I can levy judgment with the best of them

Hooray! I’ve been selected for jury duty in Kings County! Finally, the Man’s recognized my inate ability to confer judgement on my fellow man!!!

Ha. The Man couldn’t properly define “inate,” nor “confer.”

No, but seriously — why do we all speak of jury duty as the seventh plague? I recognize the interruption of one’s schedule; I recognize that any subsequent compensation probably pales in comparison to one’s hourly wage; and I certainly recognize the intrinsic boredom. But, still, is it really so bad? I’ve been summoned for the morning of the 29th — well, I’ll be awake, anyway, and as long as my New Yorker arrives the night before, I’ll have something to read. (But I warn you, Kings County: no New Yorker, no sense of civic responsibility.)

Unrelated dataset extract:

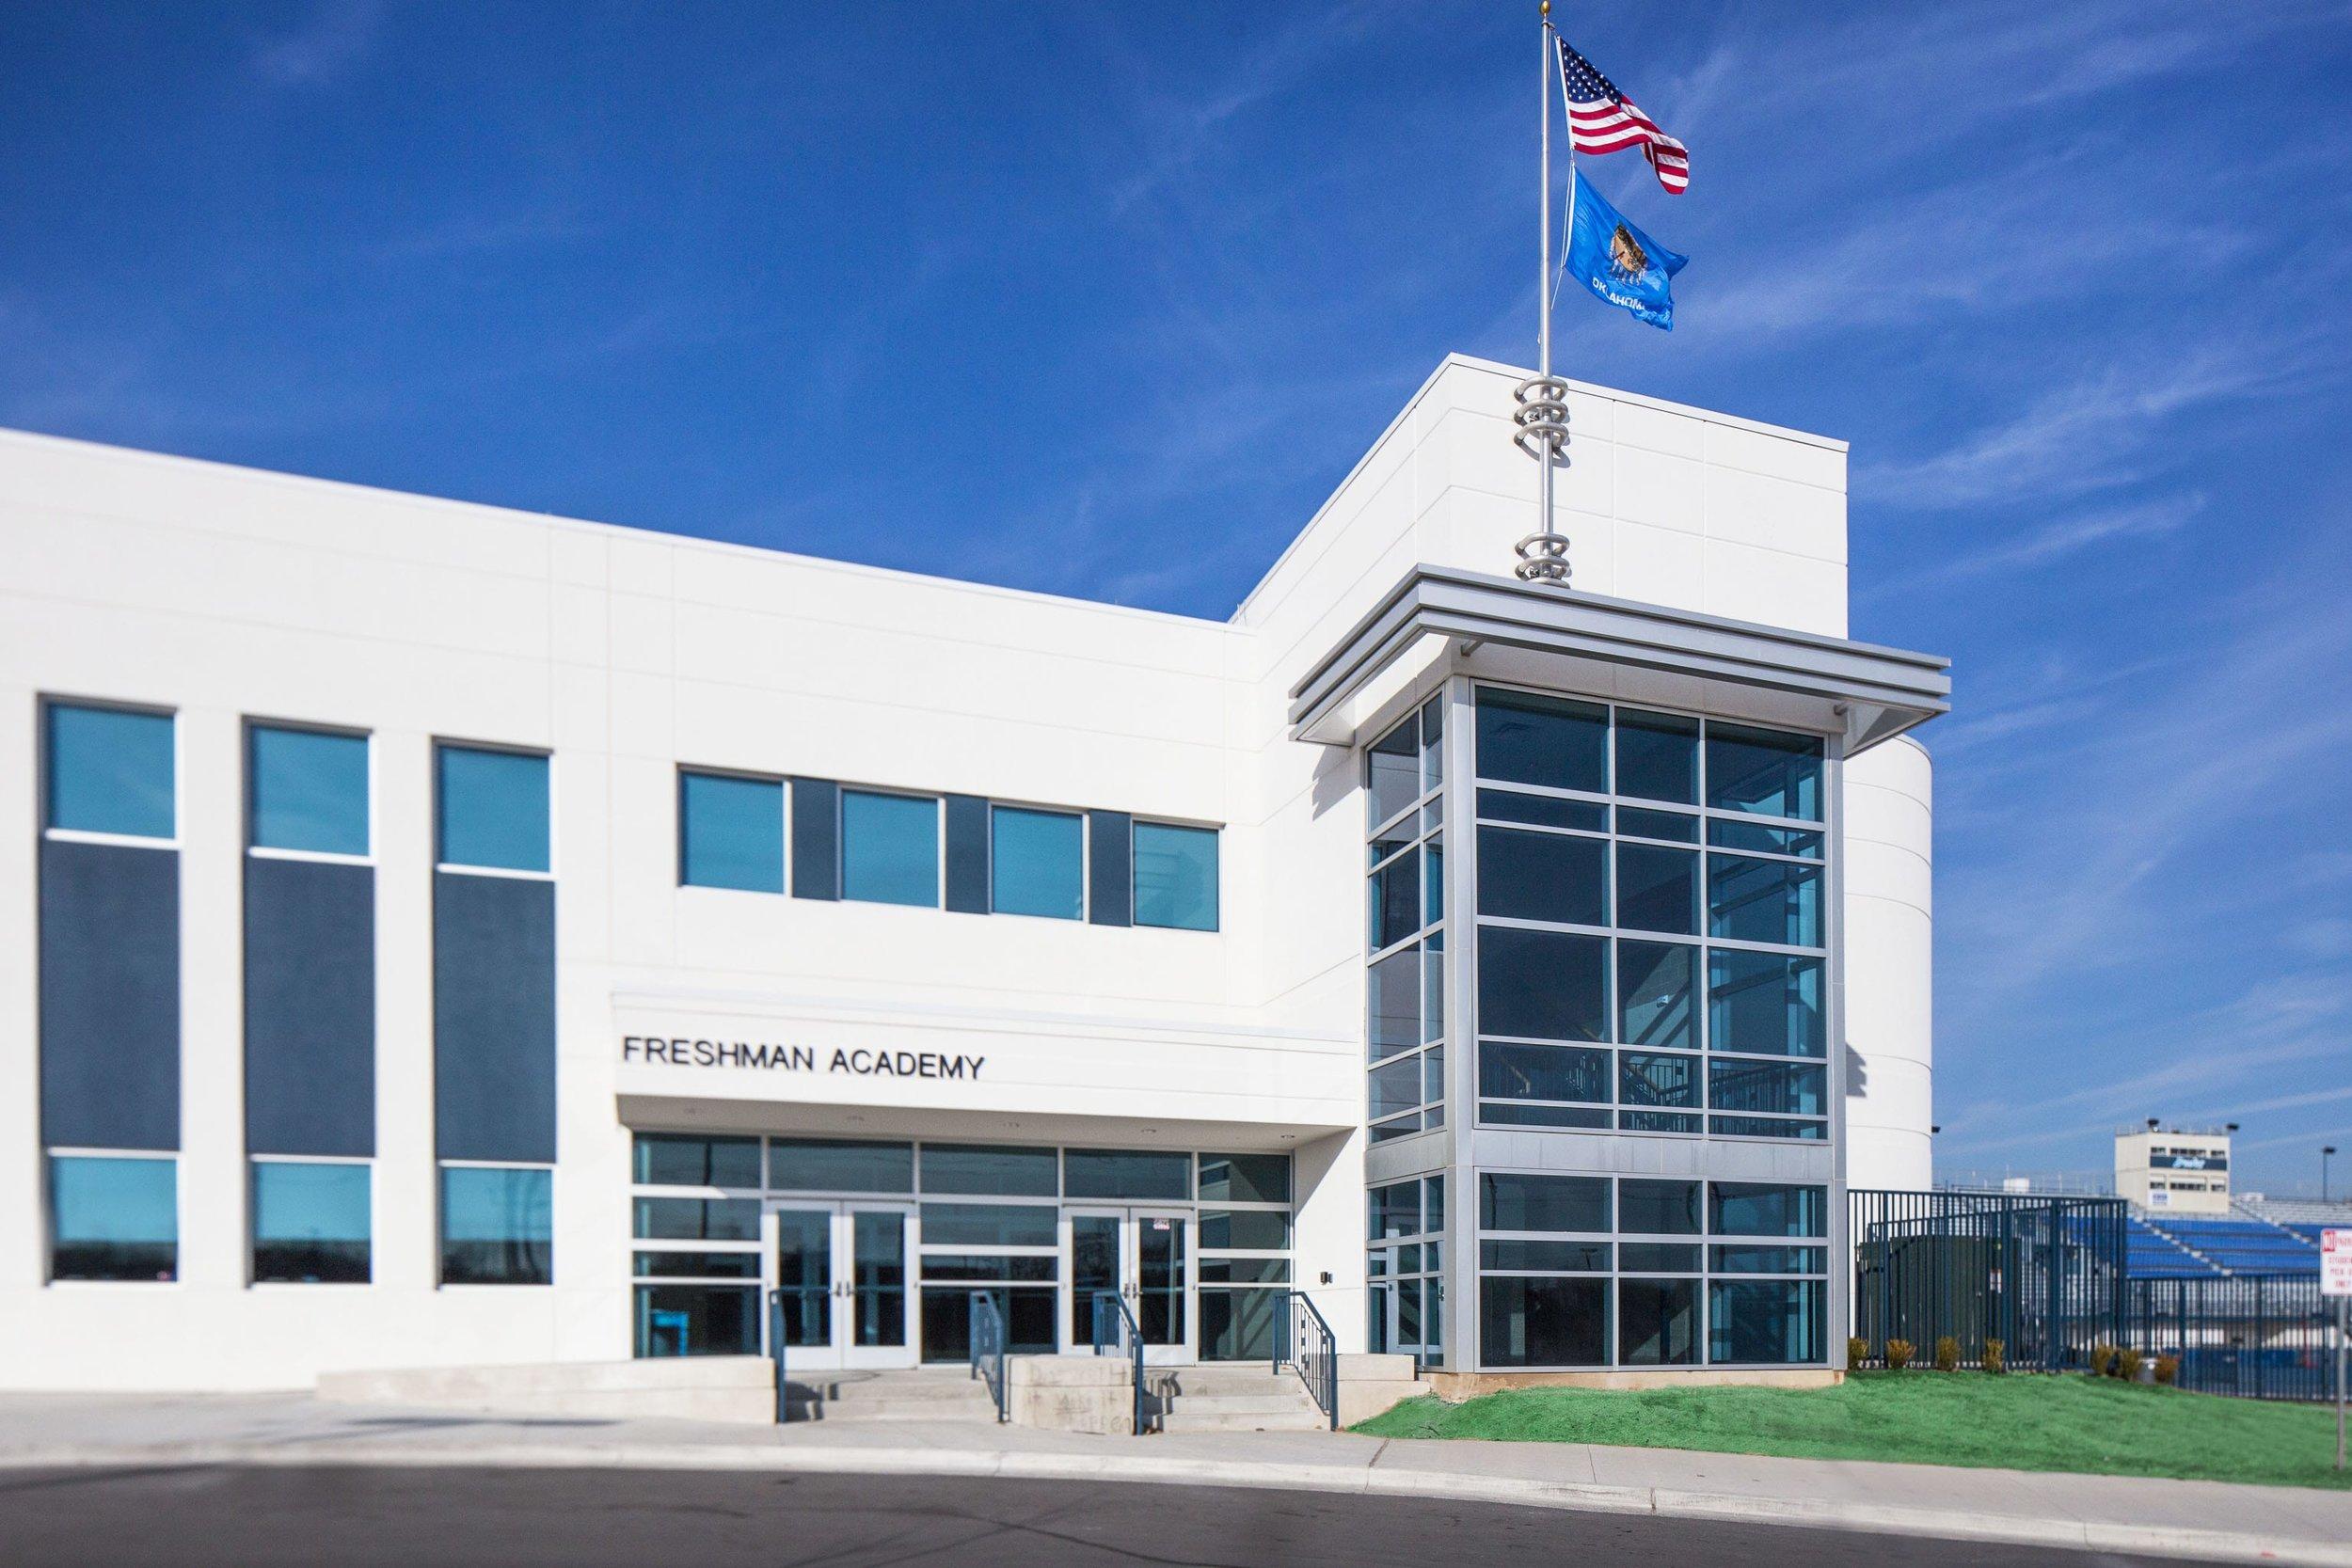 BPS - Freshman Academy

Having said that, I’m already debating how best to present myself as distasteful to both the prosecution and the defense. I’m a writer: well, that could either portray me as wishy-washy, or empathetic. I occasionally consult on matters regarding litigation-support: well, that either renders me too well versed in the legal system, or capable of approaching any case objectively. I’m CFO of a small consulting firm: well, that either makes me out to be a self-made man, or I’m all about the money. It’s actually incredibly difficult to parse.

If I can’t decide whether I’d be annoyed or mildly interested to serve on a jury, I can at least accept that I’ve got no idea how best to present myself to achieve either end. Right now, I’m thinking what I always think when faced with an unexpected situation outside my daily routine: I can always write about it. It’s true: no matter how annoying it is when a professor, or mentor, mumbles, “Well, it’s good material” — and no matter how often a writer stresses to friends, “You know, I do make shit up, occasionally” — situations like this do provide grist for the mill.

I’m not sure how to wrap this up; I received my Summons earlier this evening, made Happy Hour, and decided to post on the subject while walking home. I have a sense — for whatever reason — that I’ll be selected, and I’ll make no effort to discourage the presiding parties; and if I’m right — if I’m prescient, which really, really speaks well of my chances to be elected Foreman — then I’ll have something far more interesting to post in the coming weeks.

Though I shouldn’t. I think, technically, that’s illegal. I’ll have to create a whole new category: Shit That’ll Get Me Locked Up.